Tokenisation is a foundational step in NLP pipelines, directly influencing language model input representation and downstream performance. Existing tokenisers like BPE and Unigram rely on greedy, locally optimal merges, which fail to guarantee global optimality, limiting compression efficiency and model generalization. ConvexTok addresses this by formulating tokeniser construction as a convex optimization problem, enabling near-global optimal solutions and providing theoretical compression lower bounds. This bridges a critical gap in tokeniser design, offering both practical improvements and theoretical guarantees. The approach advances the field from heuristic-driven tokenisation to principled, optimization-based design, with significant implications for large-scale language model training and efficiency.

Technical Contribution

The paper's key technical contribution is the reformulation of tokeniser construction as a shortest path problem on a colored directed acyclic graph (DAG), which is then modeled as an integer program. By applying convex relaxation, the integer program is converted into a linear program solvable by modern LP solvers, enabling efficient approximation of the NP-hard problem. The authors design multiple rounding strategies to discretize the LP solutions into practical vocabularies, balancing compression and generalization. Additionally, the method provides a provable lower bound on achievable compression, allowing users to certify the optimality gap of any tokeniser. This combination of theoretical rigor and practical algorithm design marks a substantial advancement over prior greedy or heuristic methods.

Novelty

ConvexTok is the first work to systematically cast tokeniser construction as a convex optimization problem and solve it via LP relaxation, departing fundamentally from traditional greedy approaches like BPE and Unigram. Unlike prior methods that focus on local merges or probabilistic selection, ConvexTok offers a global optimization perspective with theoretical guarantees and a compression lower bound certificate. This represents a novel integration of polyhedral combinatorics and NLP tokenisation, providing both new theoretical insights and practical algorithms.

Limitations

  • ConvexTok's LP solver exhibits longer runtimes at smaller vocabulary sizes (e.g., 8k), limiting efficiency in low-resource settings.
  • The tokeniser's vocabulary stability is lower than BPE's, showing sensitivity to training data sampling, which may affect generalization.
  • Rounding schemes require further refinement; for example, the integral-only rounding underperforms in compression and downstream tasks compared to other strategies.

Future Work

Future research directions include developing more efficient and stable rounding algorithms to improve vocabulary robustness and downstream performance. Extending the convex optimization framework to multi-objective settings, incorporating semantic fidelity and multilingual adaptability, is another promising avenue. Additionally, integrating ConvexTok with end-to-end language model training for dynamic tokeniser adaptation could enhance overall model efficiency and generalization.

AI Executive Summary

Tokenisation is a fundamental step in natural language processing (NLP), converting raw text into discrete tokens that language models can process. Traditional tokenisation algorithms, such as Byte-Pair Encoding (BPE) and Unigram models, rely on greedy heuristics that iteratively merge frequent byte pairs or select high-probability subwords. While effective and widely adopted, these methods do not guarantee globally optimal vocabularies, potentially limiting compression efficiency and downstream model performance. This paper introduces ConvexTok, a novel tokeniser construction framework based on convex relaxations, which addresses these limitations by formulating tokeniser design as a global optimization problem.

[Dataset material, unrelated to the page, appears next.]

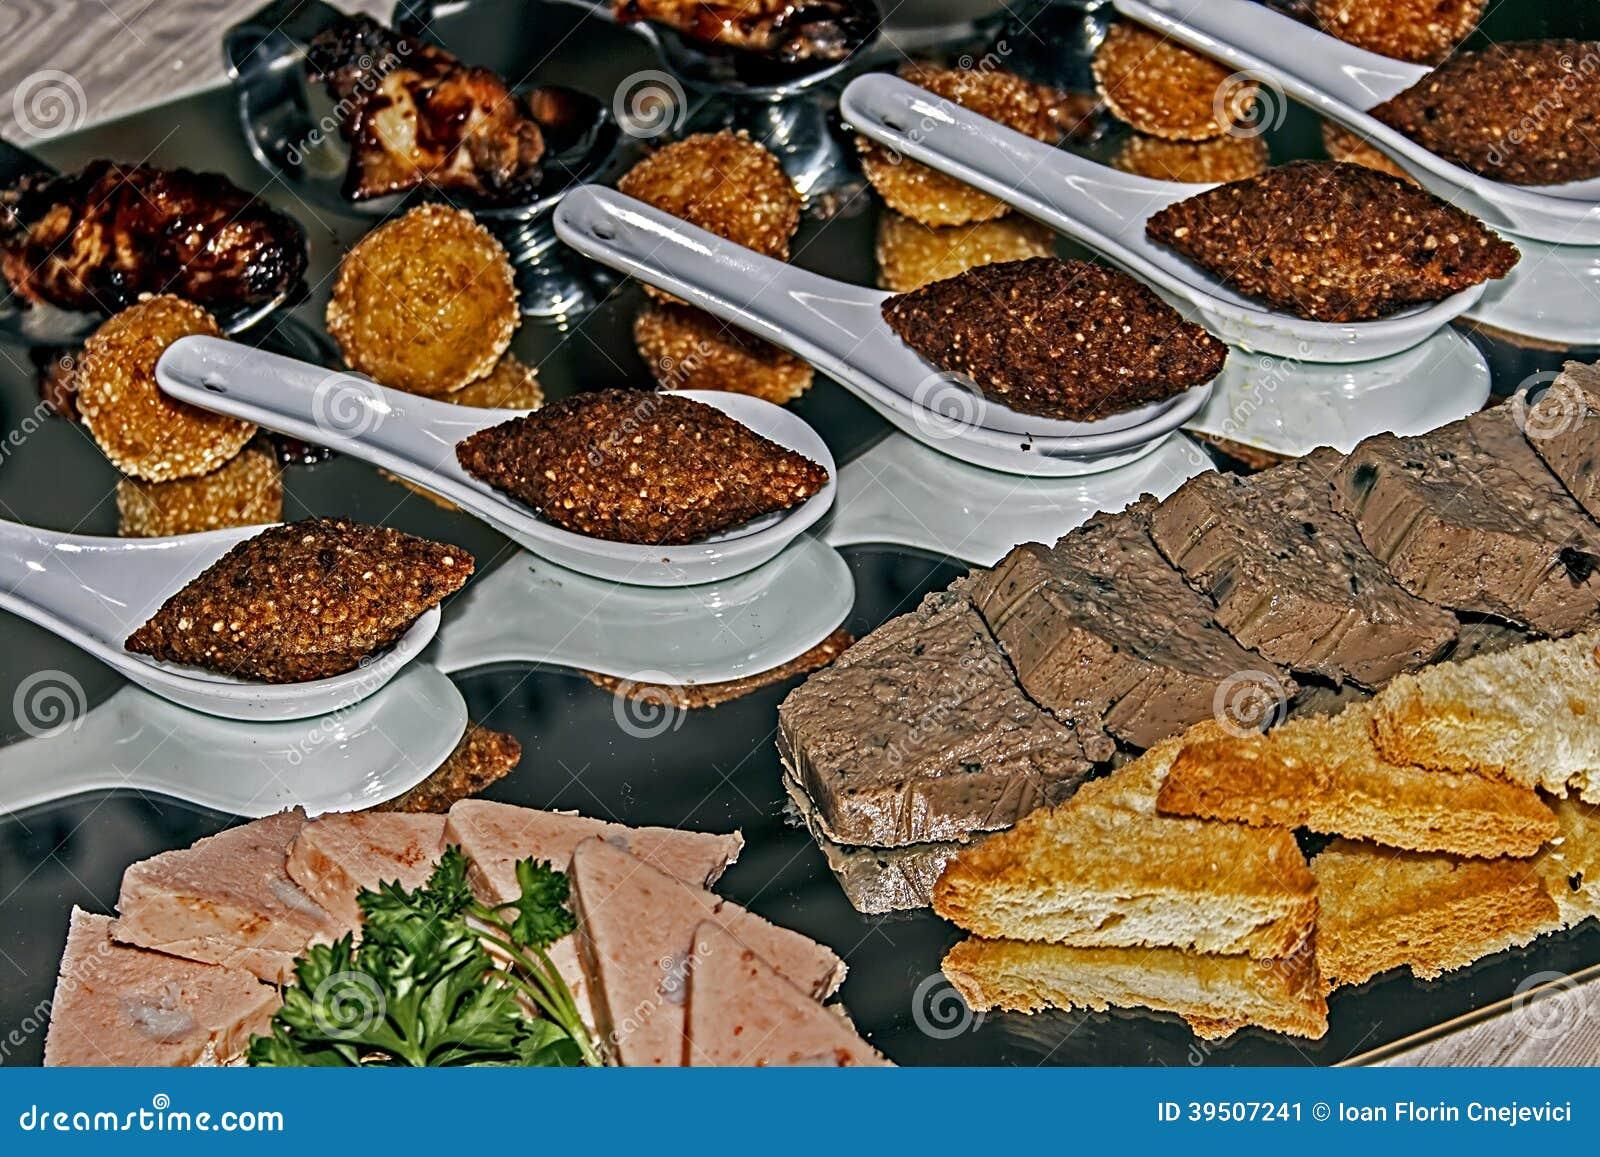 Arrangement of food 40

ConvexTok begins by representing the tokenisation problem as a shortest path problem on a colored directed acyclic graph (DAG), where vertices correspond to byte positions and edges represent candidate tokens. This graph formulation is then encoded as an integer program (IP) capturing vocabulary selection and segmentation constraints. Recognizing the NP-hardness of the IP, the authors apply convex relaxation to transform it into a linear program (LP), which can be efficiently solved using modern convex optimization solvers. To convert the LP's fractional solutions into discrete vocabularies, three rounding schemes—deterministic, biased, and integral-only—are proposed, each balancing compression and generalization differently.

The convex relaxation approach not only yields near-optimal tokenisers but also provides a theoretical lower bound on achievable compression, enabling users to certify the optimality gap of any tokeniser. Experiments on the large-scale ClimbMix400B dataset demonstrate that ConvexTok achieves compression rates within 1% of the LP lower bound across vocabulary sizes ranging from 8k to 256k, outperforming traditional BPE by a significant margin. Intrinsic tokenisation metrics such as vocabulary utilization and type-token ratio consistently favor ConvexTok's Bias rounding strategy. Moreover, language models trained with ConvexTok tokenisers exhibit improved Bits-per-byte (BpB) scores and more stable performance on CORE downstream tasks, particularly with the deterministic rounding scheme.

These findings highlight ConvexTok's potential to transform tokeniser design from heuristic-driven to theoretically grounded optimization. By providing both practical algorithms and theoretical guarantees, ConvexTok advances the state of the art in tokenisation, with implications for improving large-scale language model training efficiency and effectiveness.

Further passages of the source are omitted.